Humanizing It:  Along the same lines, instead of “users” or “page views” or impressions, how many actual people will your program speak to? Where do they live? How important will they be to the success of this brand in a given market? Losing interest in the latest complicated digital advertising idea is understandable. Turning away potential customers?  Not so much.

Putting It On the Clock:  What’s the critical launch date of the product? What holiday will make or break the brand’s profit this year? How long is their special offer valid?

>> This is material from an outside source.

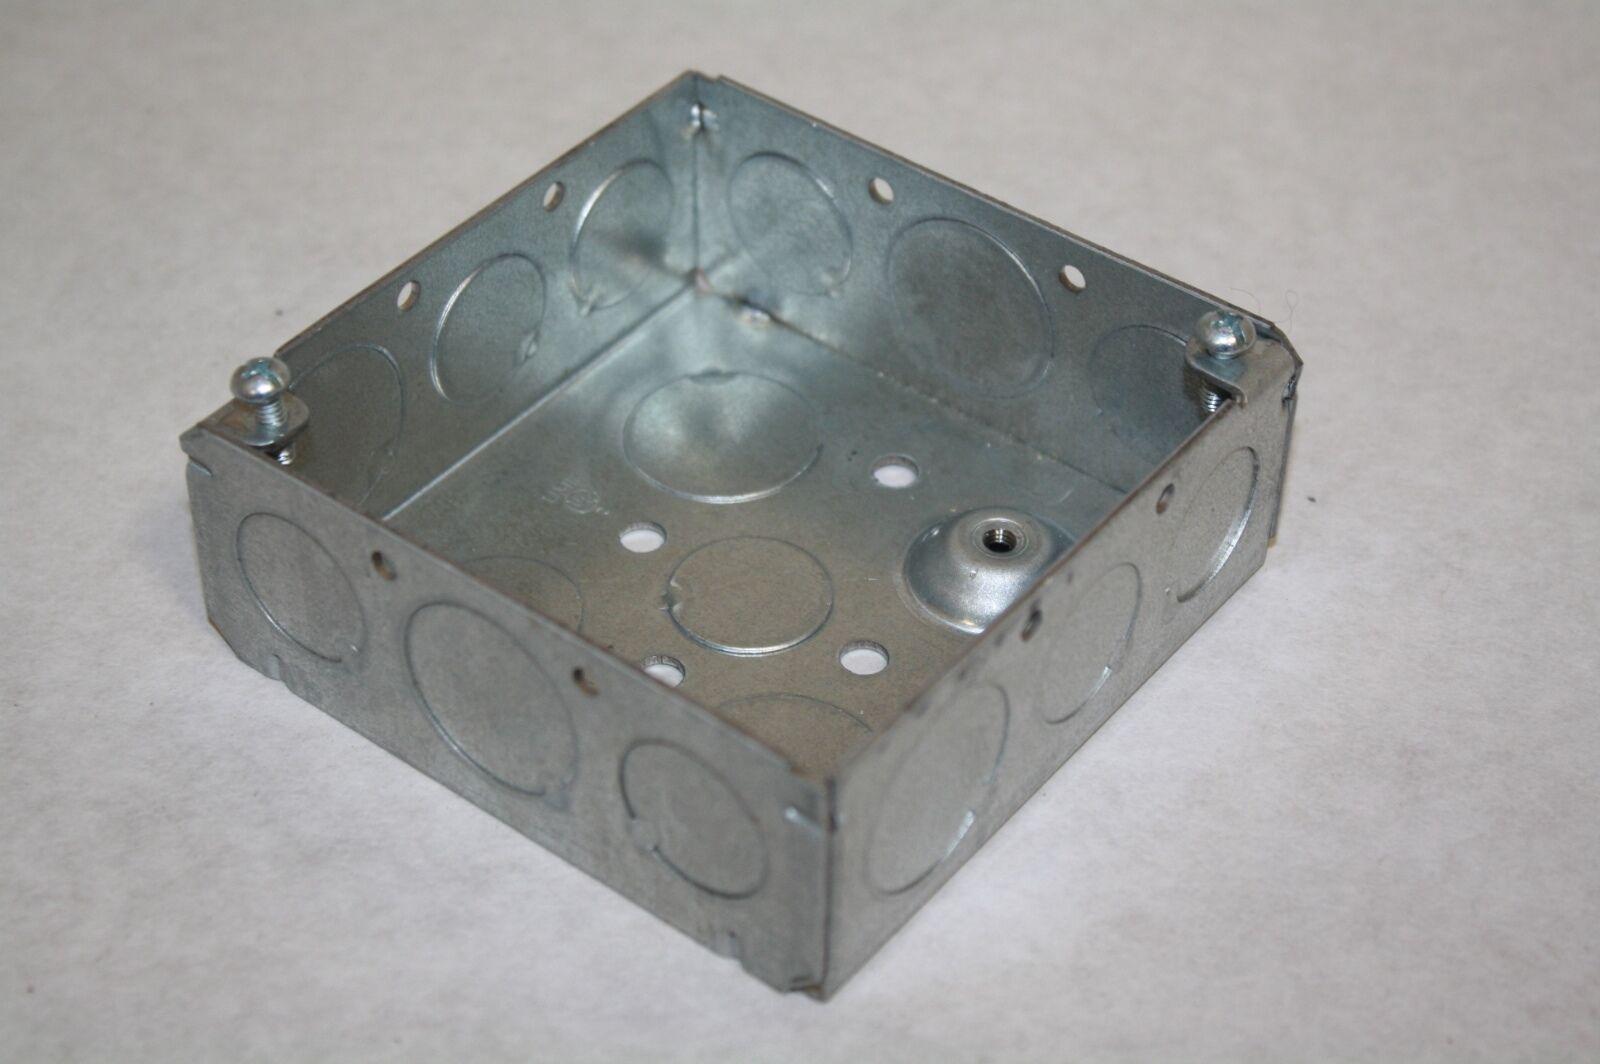 (18 )ORBIT 4SB-50 75 4  x 1 1 2  SQUARE WELDED BOX

Weaving it Into the Competitive Dynamic:  How often do we talk about the specific competitive advantage our idea will provide over Brand X? (That being, of course, the brand they truly dislike.) Will this give them a competitive head start? Will it help them exploit the competitor’s weakness?

Asking for Personal Commitment:  This one sounds overly simple, but when was the last time you “personalized the close?” When you asked the customer, “I know there’s a lot more to be done, but is this something you want to happen? Do you think this is a good idea and can you help us make it real?”

It makes no sense getting to higher level decision makers and then leaving satisfied that you had “a positive call.” The great sellers are the ones who will think deeper about the business, challenge, and remain fearless about pushing the customer a little out of his comfort zone. And that’s really all urgency is about.

In its original form, this post first appeared in 2012. I’m reposting it this week while I’m on a short vacation. Happy summer to all of our readers.